Assignment: Begin at the line where "Saudi soccer team" appears and reproduce exactly every line through the end of the data below, both included, skipping pictures.

Dataset content:
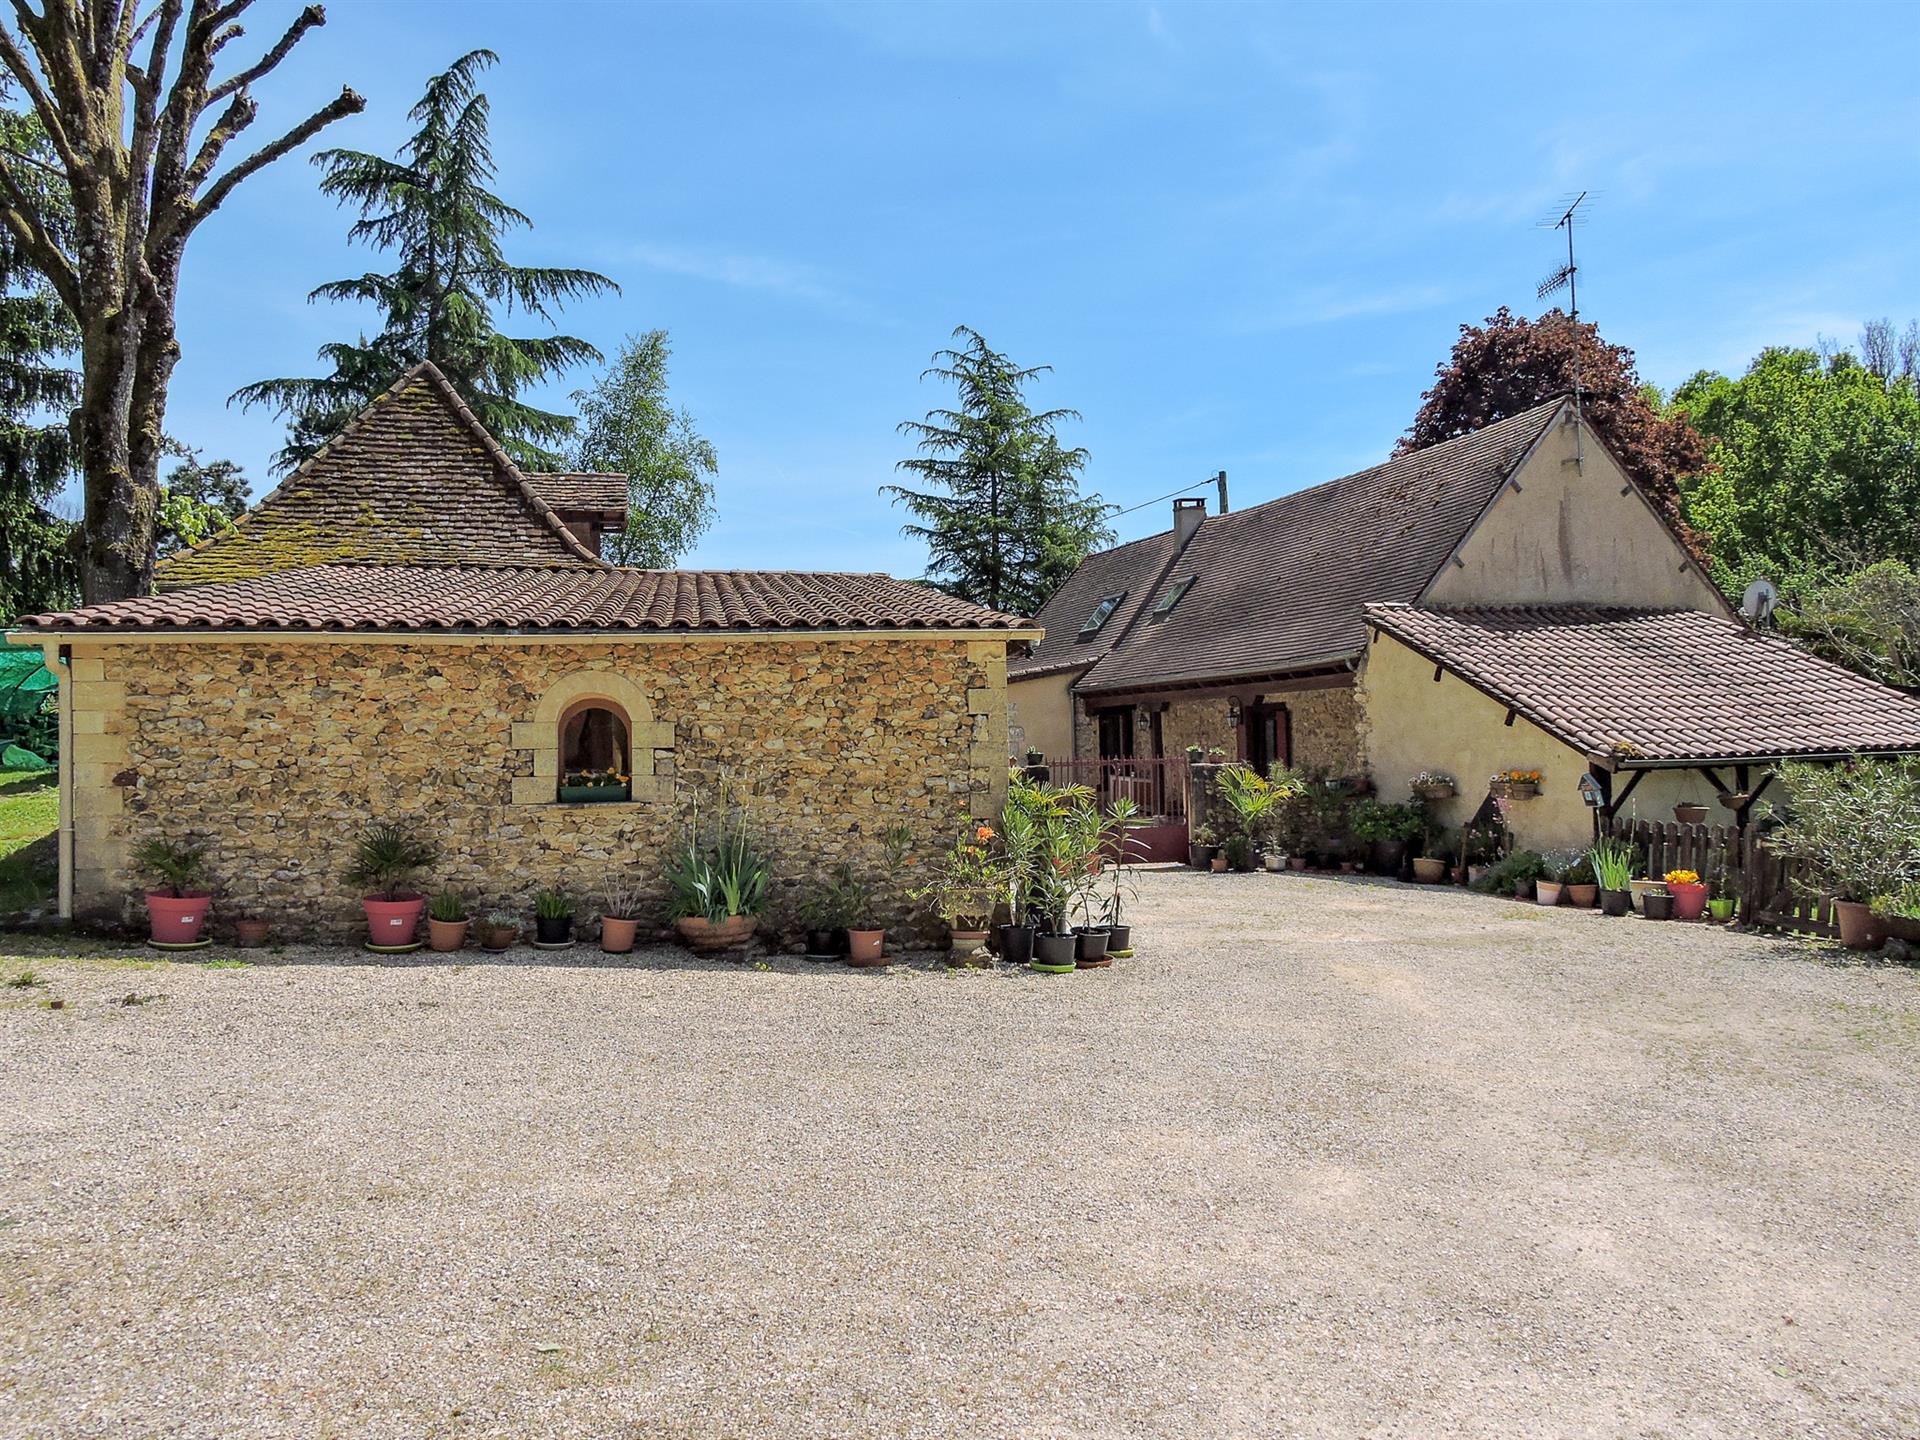 Périgord Noir - Casa in pietra con 5 camere da letto e fienile
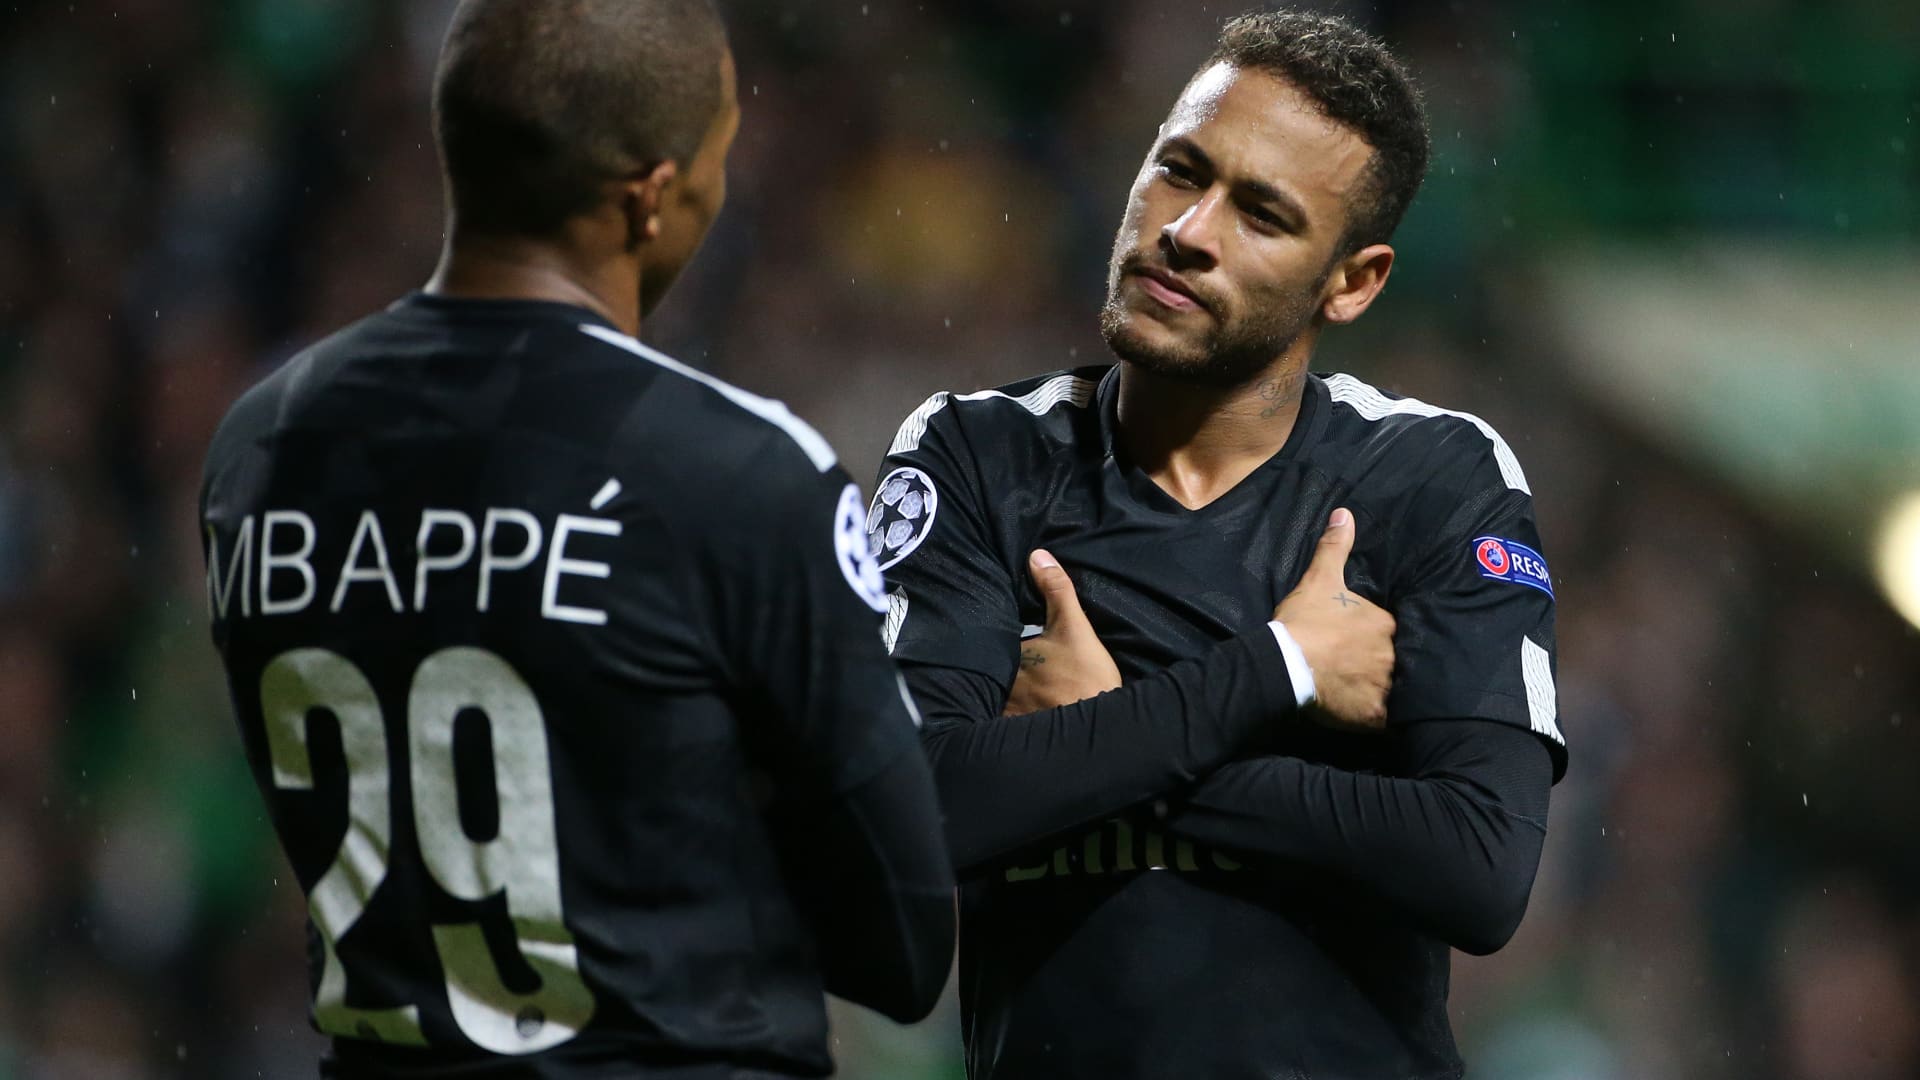 Saudi soccer team Al-Hilal lures Brazilian star Neymar
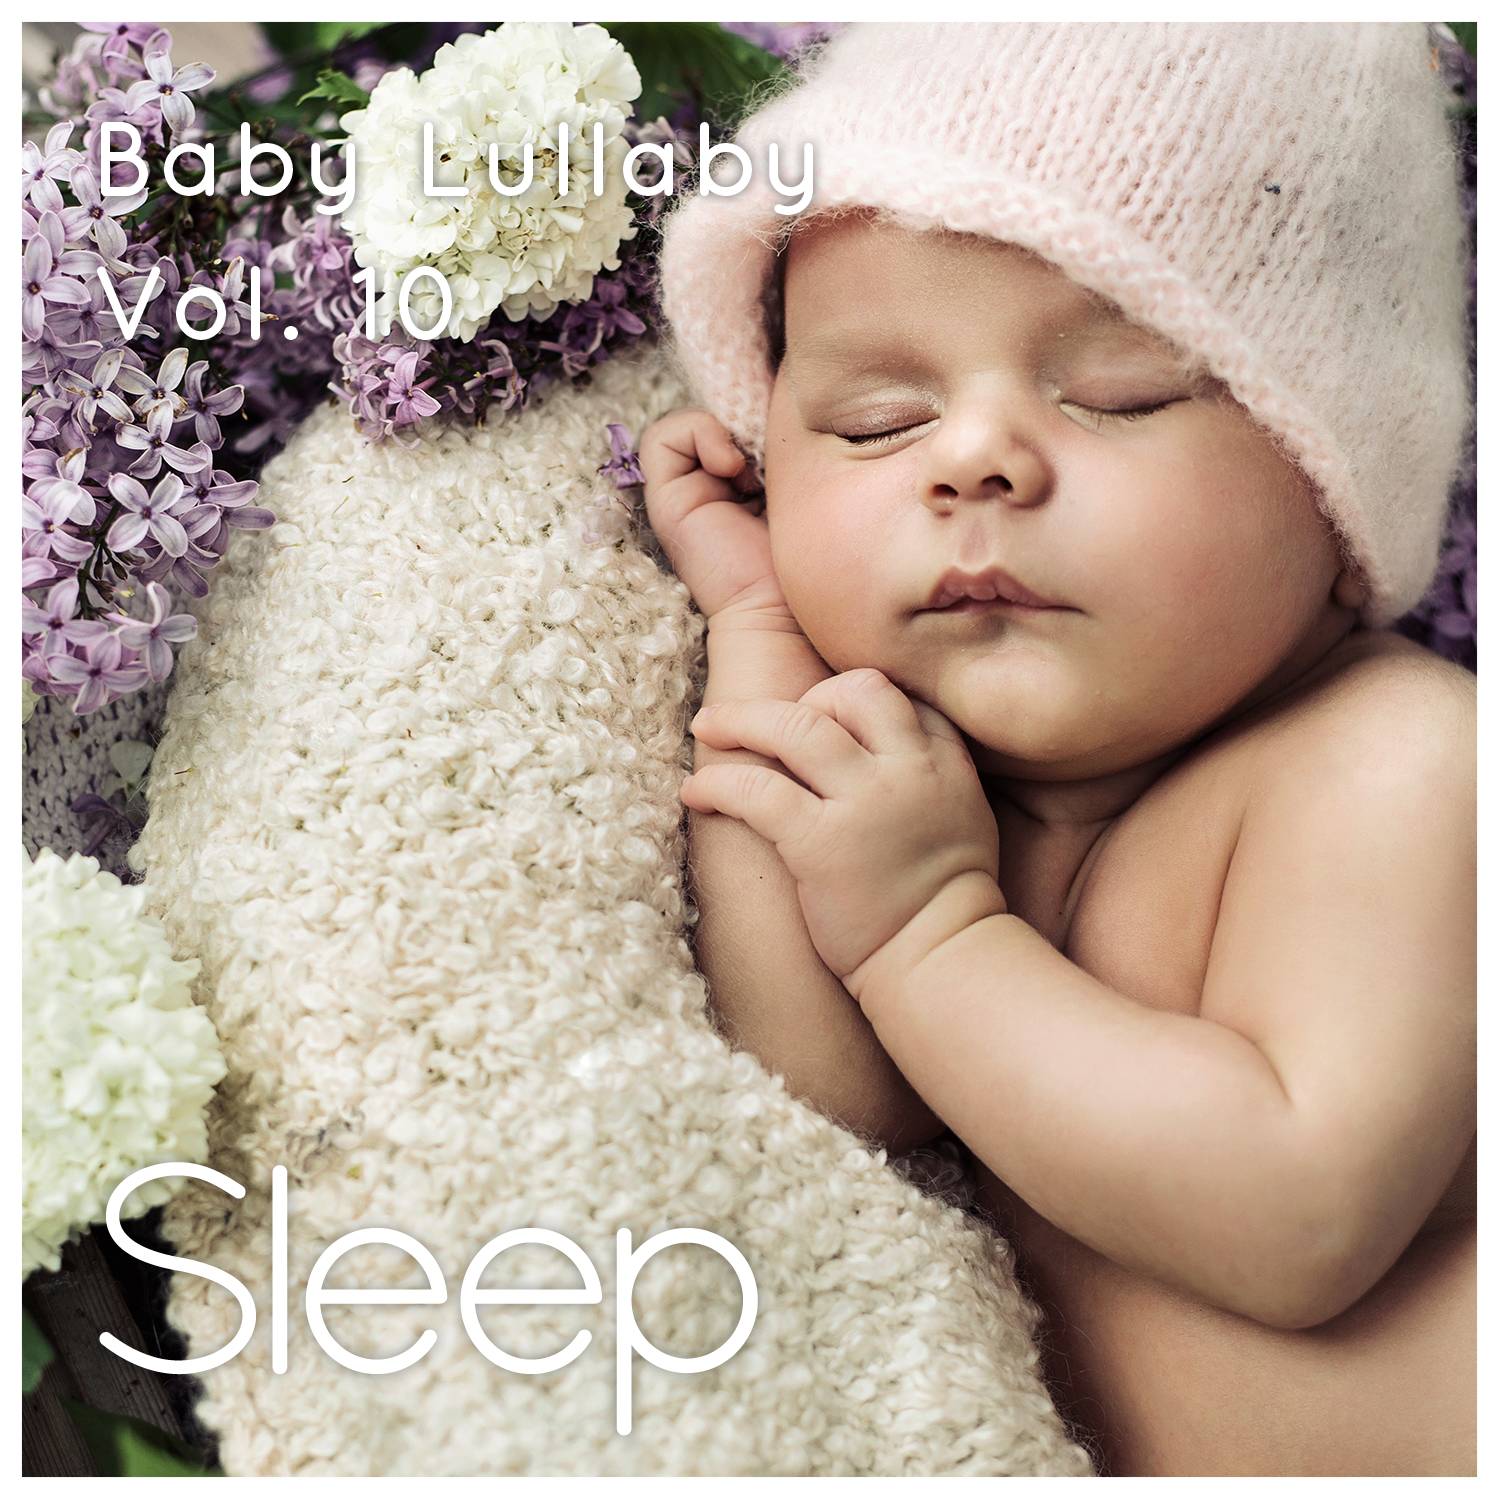 Baby Sleep - The Tumble Dryer Lullaby, Vol. 10

Completed exercise:
 Saudi soccer team Al-Hilal lures Brazilian star Neymar
 Baby Sleep - The Tumble Dryer Lullaby, Vol. 10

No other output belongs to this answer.